Only sometimes do investors get the opportunity to consider cyclically favorable sectors and, even harder still, to successfully pick a stock within the sector that is set to outperform its peers and the broader market. Today, the American economy has given markets a new set of flashing lights that can point individual investors - and more prominent asset managers - into directional investment decisions.
As a widely followed economic indicator, the ISM manufacturing and non-manufacturing PMI reports have developed critical trends over the past six months, a dynamic that should not be taken lightly.
After announcing a significant increase across the board during the first quarter 2023 earnings results, Alta Equipment Group (NYSE: ALTG) is the stock set to outperform. The Transportation equipment sector has been showing signs of expansion since April 2023. In contrast, most other manufacturing sectors are flashing contraction all over.
Using this framework, investors can look to possibly be long the few - or only - growing sectors, and especially the specific stock(s) that are reasonably expected to outperform as well.
Within the inputs that make up the PMI reports, there are three major ones that investors and traders look into to gain a clearer picture of what is going on.
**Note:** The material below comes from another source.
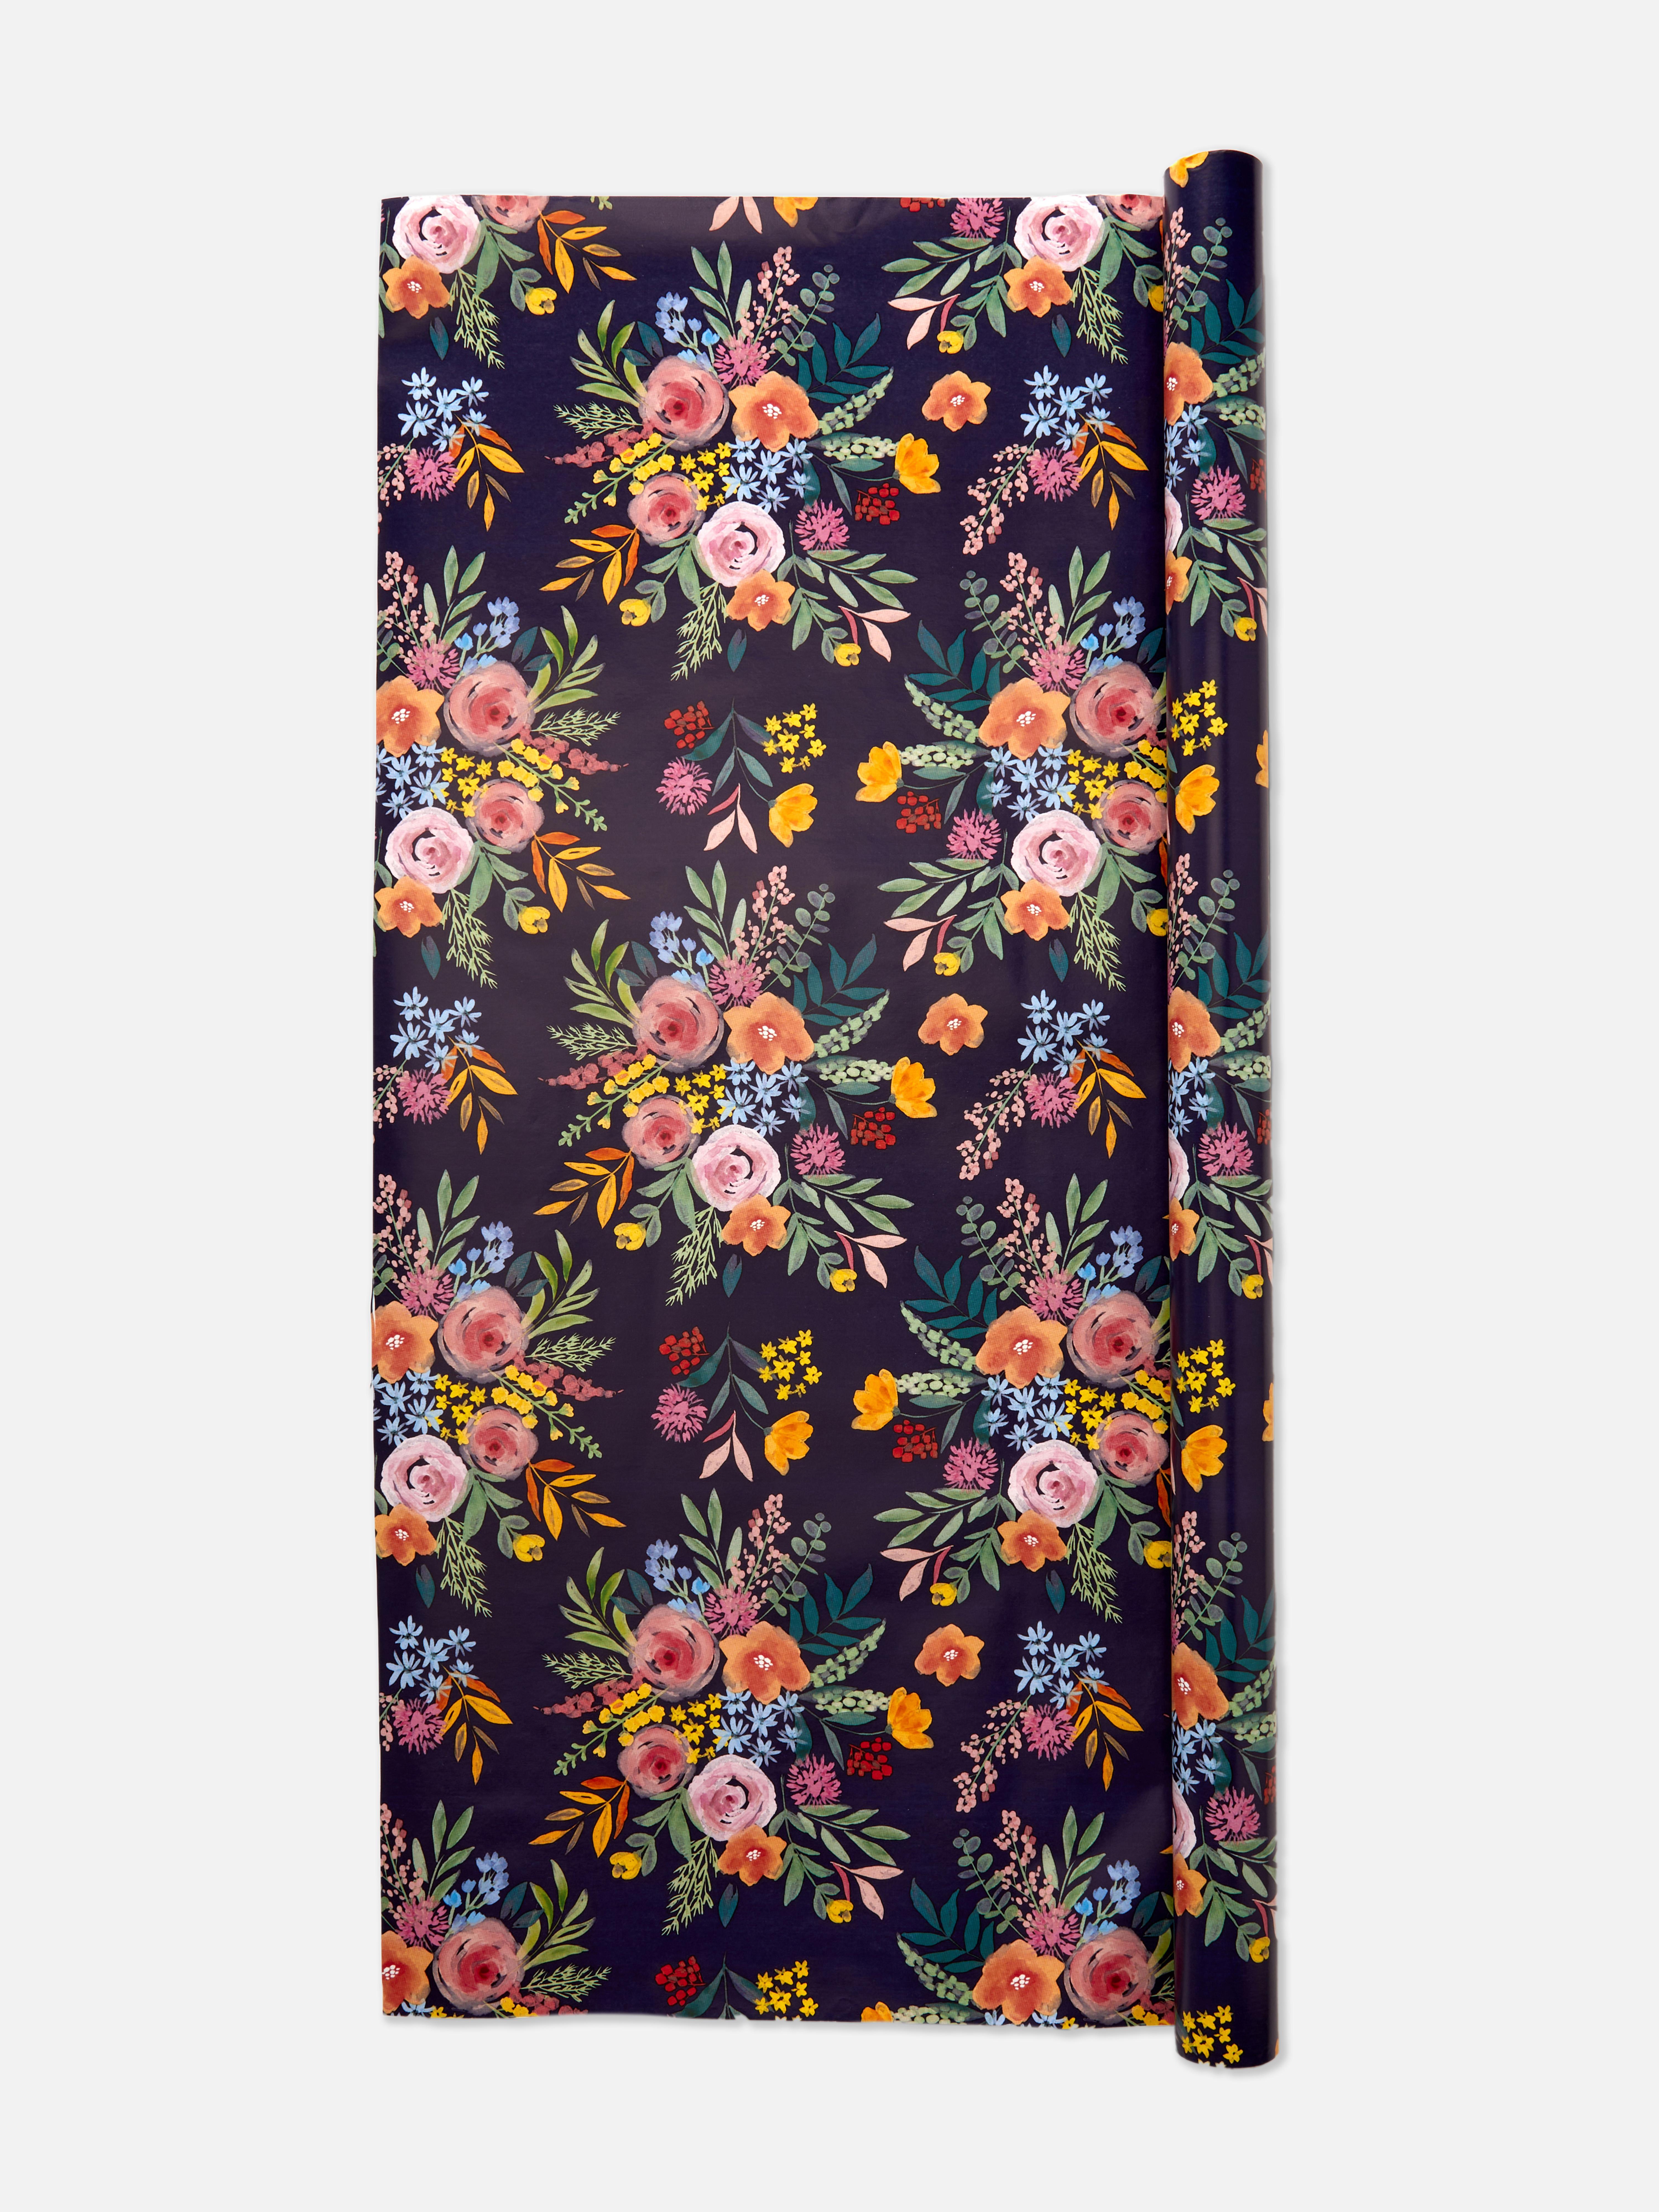 6M Dark Floral Wrapping Paper

New orders, which reflect underlying customer demand, have shown expanding trends for the transportation equipment industry, where Alta operates. Production, a main gauge of current volume conditions driving earnings growth, has also favored Alta's niche.
Lastly, employment, which can point to the underlying capacity needs or excesses within a given space, has chosen the transportation equipment industry as the designated employer. This makes the perfect storm for investors to deduce one thing: Increasing product demand has led to rising production, which will likely trickle down to rising earnings. This trend is expected to continue, taken from the willingness to keep hiring workers.
During Alta's latest earnings presentation, management describes the current business conditions affecting the firm. In a nutshell, executives point to the growing demand for the various products offered by Alta and indicators firmly positioned for the continued growth of said demand.
These trends enabled Alta to grow revenues by as much as 26.8% over the year, increased pricing power due to heating demand, and expanded industry trends allowed for gross margin expansion. First quarter 2022 gross margins were only 27.5%; today, they stand at an improved 28.8% with no signs of slowing down further expansions.
Unnecessary to say that current and further margin expansions on the back of rising demand will drive an earnings increase for the next quarterly earnings date, set to be on the eighth of August 2023.
Alta analyst ratings, which may be pricing in the continued growing trends in the business fundamentals, suggest a current 40% upside scenario as a consensus price target. With a top-side price target of $25 per share, it would seem that all analysts agree - as taken by consensus and top-side targets -that the all-time high price in the stock could be only a foundation.
Management sent a resounding affirmation surrounding the potential undervaluation in the stock, as they allocated up to $12.5 million into share repurchases. This sizable program would represent nearly 2.3% of the company's market capitalization. This percentage reflects ultimate confidence in the business prospects by none other than the business insiders themselves.
Now that analysts are boasting their bullish opinions for the stock, coupled with management affirmations of just how undervalued the stock may be, it is time for investors to double-check what broader markets are thinking regarding the current price. Comparing Alta to relatively close peers, companies like H&E Equipment Services (NASDAQ: HEES), Titan Machinery (NASDAQ: TITN), and Custom Truck One Source (NYSE: CTOS) will reveal a key trend.
Alta has outperformed every one of these names, blowing past by as much as 67.2% during the past twelve months. Beneficial industry trends may have initiated the widening performance gap. However, other metrics are pointing to expectations of continued outperformance.
On a forward price-to-earnings ratio basis, traders and investors can value Alta and its peers to find subtle hints as to the sector's future direction. A forward P/E differs from a traditional P/E only in the sense that it considers expected next-year earnings rather than past twelve-month earnings. Alta trades at a forward P/E of 28.1x, making it the highest ratio in the peer group, with the above competitors selling for a 10.0x to 19.0x range.
Some may argue that this only makes Alta the more 'expensive' alternative; however, professional asset managers understand that this can mean the opposite. There is a reason markets are willing to pay a higher premium for each dollar of future earnings, as the expectation is that Alta will receive the most significant industry benefit relative to peers.
Considering all the fundamental stars have lined up, virtually all participants agree that Alta stock will have a massive upside shortly. Investors can get ahead of the upcoming catalyst, August quarterly earnings, which may ride the expanding margin wave and surprise markets with a bull run.